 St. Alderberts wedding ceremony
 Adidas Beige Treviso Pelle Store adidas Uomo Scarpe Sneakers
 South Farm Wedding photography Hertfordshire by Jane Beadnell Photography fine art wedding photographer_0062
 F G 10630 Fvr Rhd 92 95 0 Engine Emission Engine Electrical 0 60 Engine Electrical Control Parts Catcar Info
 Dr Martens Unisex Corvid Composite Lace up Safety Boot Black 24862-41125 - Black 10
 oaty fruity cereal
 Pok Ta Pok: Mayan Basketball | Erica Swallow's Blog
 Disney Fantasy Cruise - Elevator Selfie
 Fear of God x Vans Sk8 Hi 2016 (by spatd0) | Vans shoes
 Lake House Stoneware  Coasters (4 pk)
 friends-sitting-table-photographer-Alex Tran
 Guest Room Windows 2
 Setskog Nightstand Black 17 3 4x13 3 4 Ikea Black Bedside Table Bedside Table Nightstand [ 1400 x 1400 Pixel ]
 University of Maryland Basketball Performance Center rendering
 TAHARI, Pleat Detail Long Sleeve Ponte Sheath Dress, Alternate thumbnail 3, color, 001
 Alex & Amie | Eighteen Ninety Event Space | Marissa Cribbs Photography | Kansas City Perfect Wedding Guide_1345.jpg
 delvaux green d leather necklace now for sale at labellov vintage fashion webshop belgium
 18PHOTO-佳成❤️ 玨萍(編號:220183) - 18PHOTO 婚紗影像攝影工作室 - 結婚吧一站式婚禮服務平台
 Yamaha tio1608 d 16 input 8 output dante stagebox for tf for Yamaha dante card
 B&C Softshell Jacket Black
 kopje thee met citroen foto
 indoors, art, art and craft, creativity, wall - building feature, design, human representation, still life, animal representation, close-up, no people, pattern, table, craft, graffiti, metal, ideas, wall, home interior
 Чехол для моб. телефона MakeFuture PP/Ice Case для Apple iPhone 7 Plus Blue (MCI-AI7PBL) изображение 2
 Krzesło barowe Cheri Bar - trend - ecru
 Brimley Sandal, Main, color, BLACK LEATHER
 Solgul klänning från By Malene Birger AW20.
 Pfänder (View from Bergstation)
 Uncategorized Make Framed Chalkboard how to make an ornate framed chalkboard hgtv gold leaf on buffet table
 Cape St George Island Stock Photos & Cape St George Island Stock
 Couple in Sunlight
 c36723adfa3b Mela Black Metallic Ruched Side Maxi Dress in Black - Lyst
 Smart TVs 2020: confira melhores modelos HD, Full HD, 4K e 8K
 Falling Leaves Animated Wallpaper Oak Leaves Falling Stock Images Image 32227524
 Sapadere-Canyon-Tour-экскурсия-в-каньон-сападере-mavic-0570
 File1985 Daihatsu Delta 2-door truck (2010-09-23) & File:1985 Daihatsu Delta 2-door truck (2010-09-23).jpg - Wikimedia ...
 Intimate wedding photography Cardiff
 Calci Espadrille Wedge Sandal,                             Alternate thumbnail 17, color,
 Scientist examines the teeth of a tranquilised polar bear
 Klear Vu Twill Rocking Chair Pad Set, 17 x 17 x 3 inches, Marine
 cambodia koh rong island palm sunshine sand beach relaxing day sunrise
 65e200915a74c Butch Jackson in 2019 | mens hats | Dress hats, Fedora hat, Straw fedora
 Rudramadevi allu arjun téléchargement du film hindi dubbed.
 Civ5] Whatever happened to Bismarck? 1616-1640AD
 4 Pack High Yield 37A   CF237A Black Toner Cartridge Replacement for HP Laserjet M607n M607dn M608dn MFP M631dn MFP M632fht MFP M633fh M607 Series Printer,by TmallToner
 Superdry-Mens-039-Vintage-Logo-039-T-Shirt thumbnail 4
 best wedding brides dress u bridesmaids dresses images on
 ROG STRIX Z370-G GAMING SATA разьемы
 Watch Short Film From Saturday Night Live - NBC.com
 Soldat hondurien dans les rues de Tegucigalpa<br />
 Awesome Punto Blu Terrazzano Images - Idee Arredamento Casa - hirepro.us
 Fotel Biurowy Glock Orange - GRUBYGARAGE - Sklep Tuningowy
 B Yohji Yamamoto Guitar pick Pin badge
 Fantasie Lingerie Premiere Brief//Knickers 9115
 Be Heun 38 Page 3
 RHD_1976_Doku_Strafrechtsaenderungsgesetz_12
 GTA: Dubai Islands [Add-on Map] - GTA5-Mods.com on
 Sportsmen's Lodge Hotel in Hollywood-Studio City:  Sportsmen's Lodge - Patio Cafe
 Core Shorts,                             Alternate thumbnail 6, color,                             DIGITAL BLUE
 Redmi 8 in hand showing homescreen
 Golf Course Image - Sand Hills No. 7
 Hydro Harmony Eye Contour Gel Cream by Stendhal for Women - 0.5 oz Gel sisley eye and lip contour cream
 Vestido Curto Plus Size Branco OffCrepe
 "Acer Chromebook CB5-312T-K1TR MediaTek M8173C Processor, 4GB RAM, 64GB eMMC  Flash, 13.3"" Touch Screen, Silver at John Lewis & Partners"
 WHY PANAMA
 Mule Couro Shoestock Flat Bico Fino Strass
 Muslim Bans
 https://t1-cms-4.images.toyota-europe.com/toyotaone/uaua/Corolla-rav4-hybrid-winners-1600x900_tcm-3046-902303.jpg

-- -- --

* TASK *
Copy out every line of the listing that includes the string "Sandal".

* ANSWER SPACE *
 Brimley Sandal, Main, color, BLACK LEATHER
 Calci Espadrille Wedge Sandal,                             Alternate thumbnail 17, color,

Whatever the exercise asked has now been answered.